Any suggestions? about how to predict yield in this way?

Another is in Command line

t5chem predict --data_dir /home/zdx/src/t5chem/data/USPTO_500_MT/data/USPTO_500_MT/Yield --model_dir /home/zdx/src/t5chem/model/USPTO_MT_model/models/USPTO_500_MT --prediction /home/zdx/Downloads/raw_predictions.csv --prefix regression
t5chem predict --data_dir /home/zdx/src/t5chem/data/USPTO_500_MT/data/USPTO_500_MT/Yield --model_dir /home/zdx/src/t5chem/model/USPTO_MT_model/models/USPTO_500_MT --prediction /home/zdx/Downloads/raw_predictions.csv --prefix yield

But I always got the same csv: image

Any suggestions? TKS!

HelloJocelynLu commented 1 year ago

Thanks! You mean if I want to predict Yield, I need to train it first?

Yes.

I have tryed two ways to predict yield using the pretrained model USPTO_500_MT your provided:

As mentioned in paper, seq2seq tasks and regression tasks have different output formats. Therefore, they are not interchangeable (but you can train one from another). That's why both direct testings do not work.

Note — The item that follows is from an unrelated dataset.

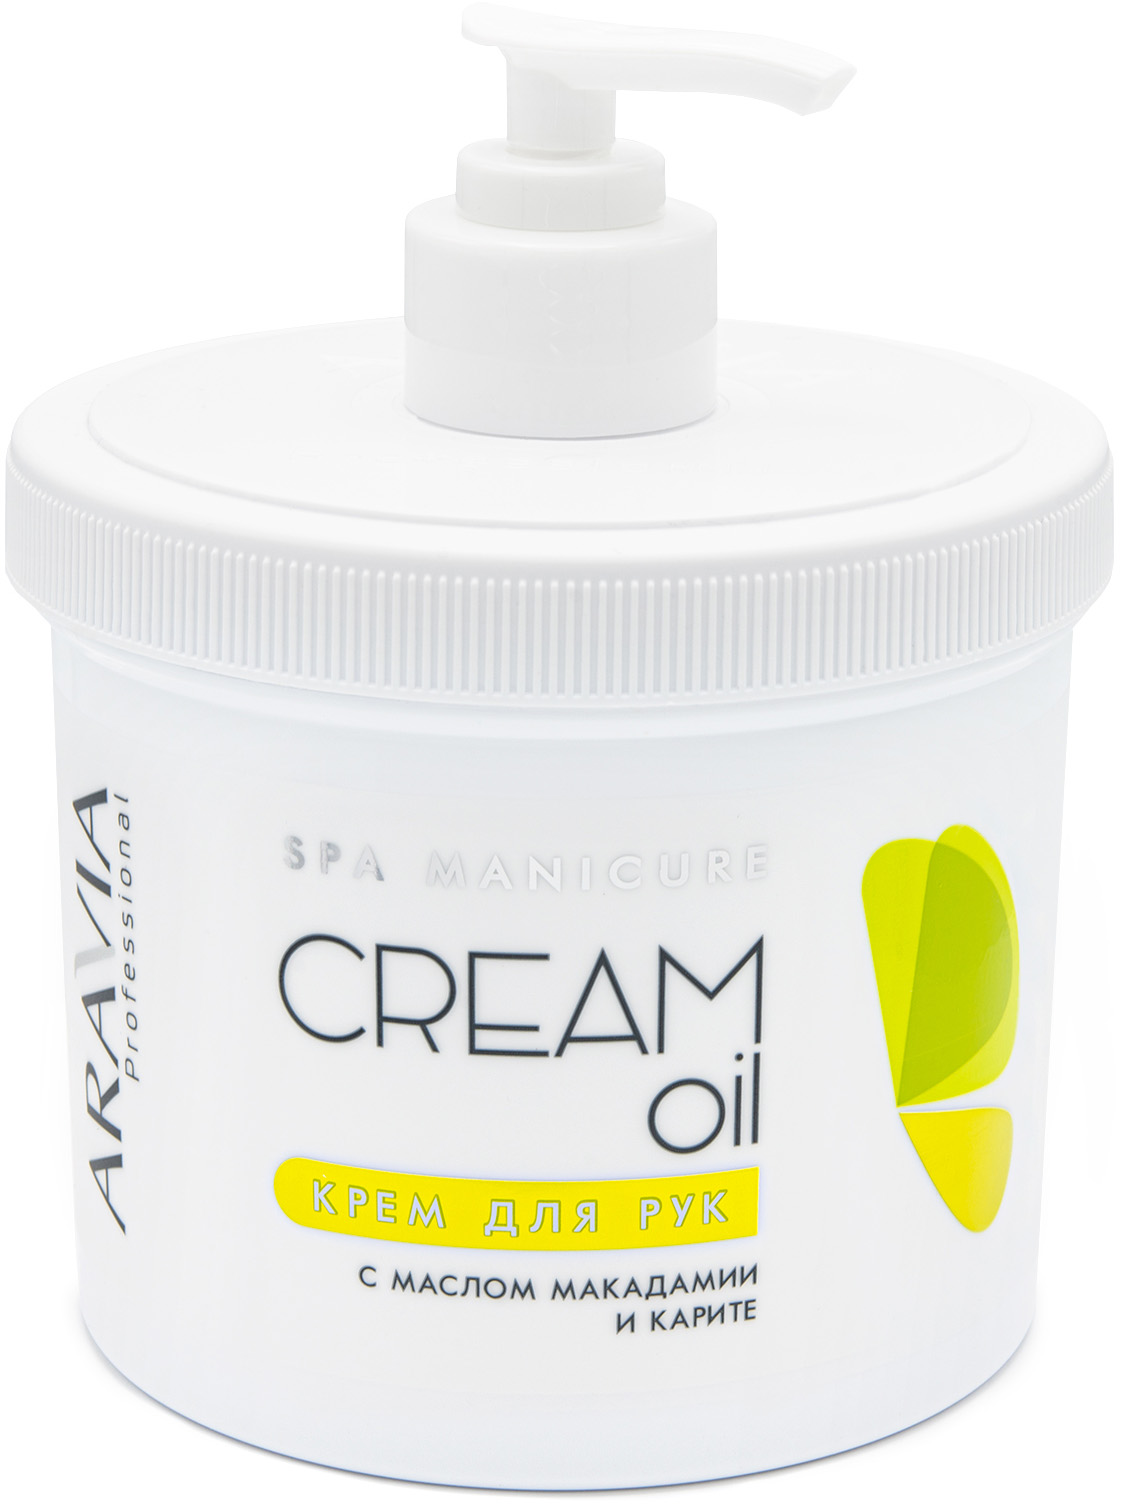 Aravia Professional Крем для рук Cream Oil с маслом макадами

I believe that you may have noticed a warning saying that some pre-trained weights are not loaded (and some layers are newly initialized), which is expected when you want to finetune a model, but not direct test on it.

I would recommend to train a yield prediction model by yourself, it only takes a few minutes on high-throughput experimental dataset. It takes longer for USPTO_500_MT, and the performance is worse (as reported in papar).